Carl blogged about Gant here. The KSC applied Gant and the candid officer made it an easy decision:

Factually, this case is more similar to Gant than to Belton but, analytically, a factual comparison is unnecessary. There is no dispute that there was no warrant to search the car. A recognized exception to the Fourth Amendment's warrant requirement must apply, or the search was invalid and the evidence it uncovered appropriately suppressed by the district court judge. When a search is challenged, the State bears the burden of demonstrating that it was lawful. The State's only argument here is that the search of the car was a proper search incident to the arrest of Henning under K.S.A. 22-2501(c). (Zabriskie, although out of the car and standing near Henning during the search, had not yet been arrested herself.) Even more specifically, the State's only argument, based as it must be on the testimony of Stevenson, is that the search depended upon the recently amended and newly effective language of K.S.A. 22-2501(c), which, as we have discussed above, considerably broadened its scope and exceeded the purposes allowed for such searches under the Chimel rule.
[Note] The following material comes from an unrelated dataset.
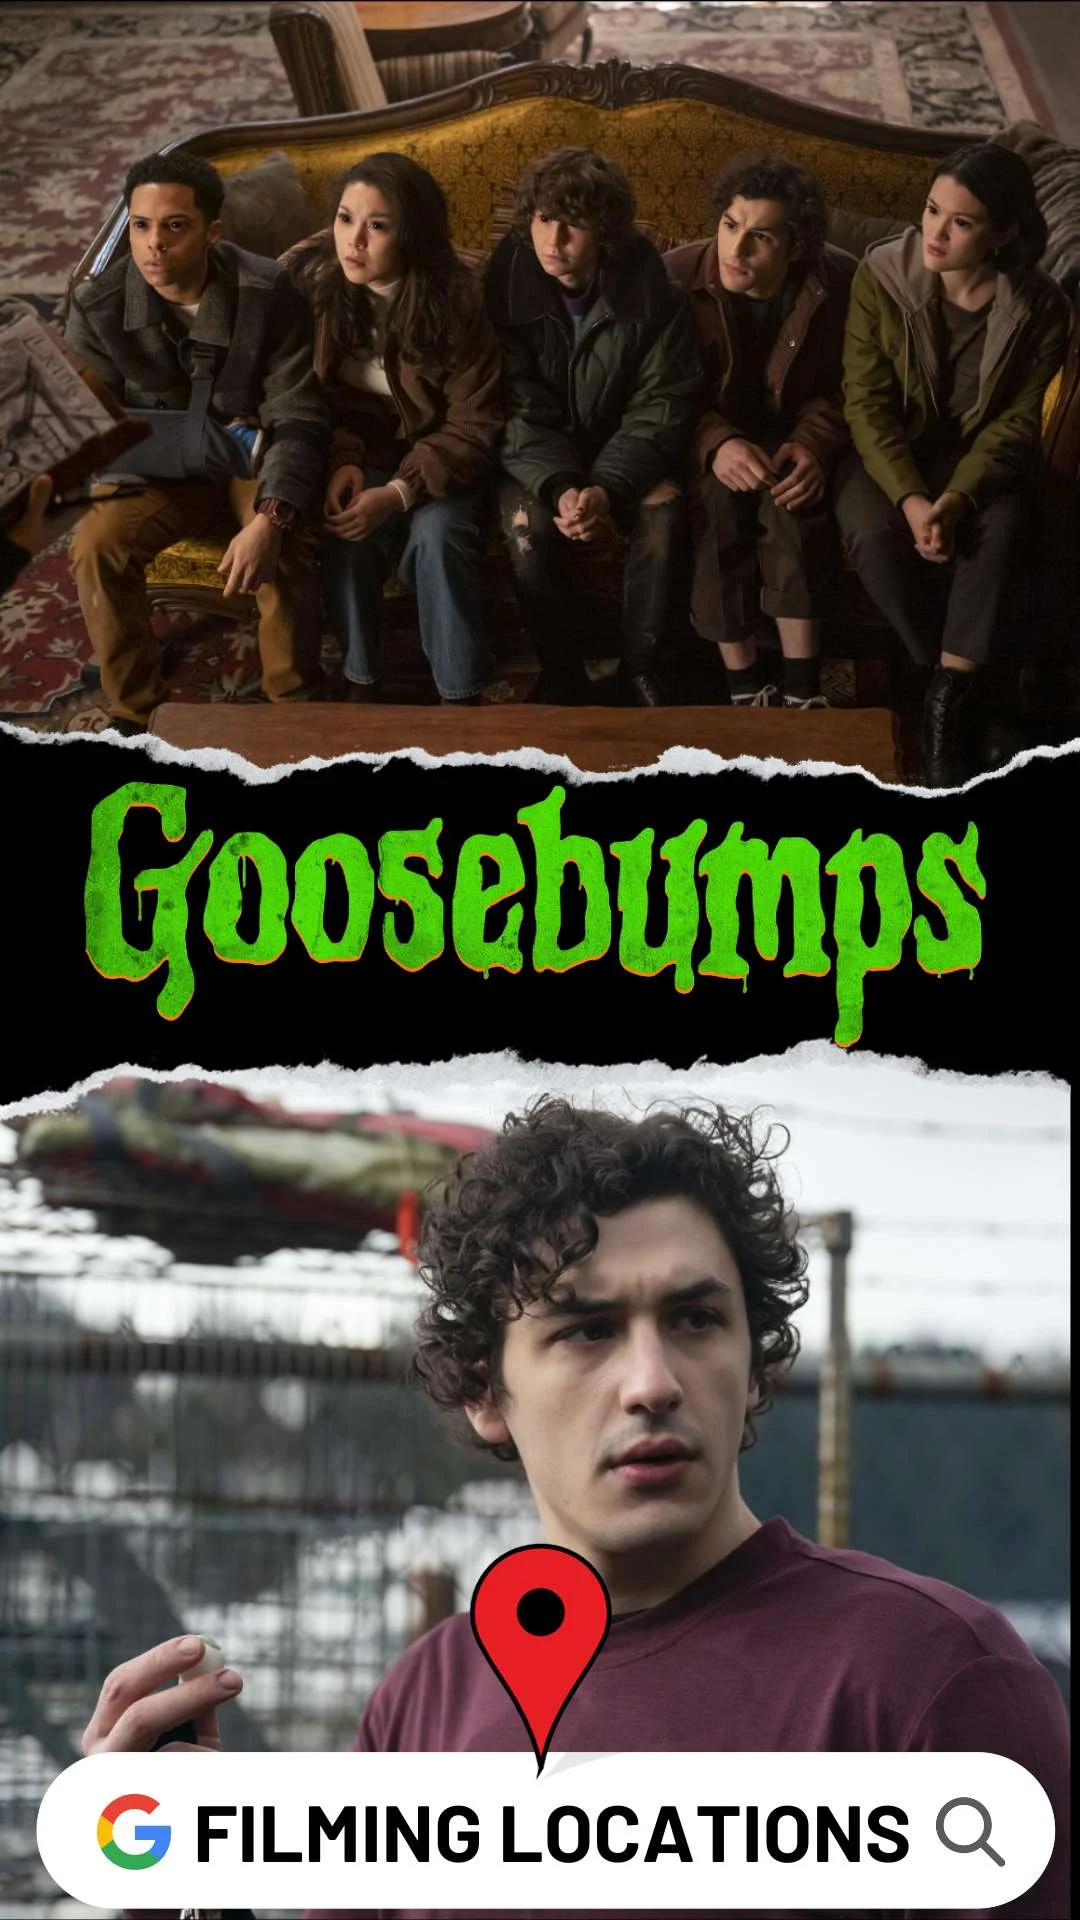 Goosebumps Filming Locations

As Stevenson noted, his training was up-to-the-minute and told him he was permitted to search the car not only for evidence of the crime of arrest but for evidence of another crime or crimes.

Gant expressly disapproved of this approach.


It's worth repeating that the KSC held that suppression is the correct remedy:
A recognized exception to the Fourth Amendment's warrant requirement must apply, or the search was invalid and the evidence it uncovered appropriately suppressed by the district court judge.

This should be cited on the remedy issue if brought up by the state.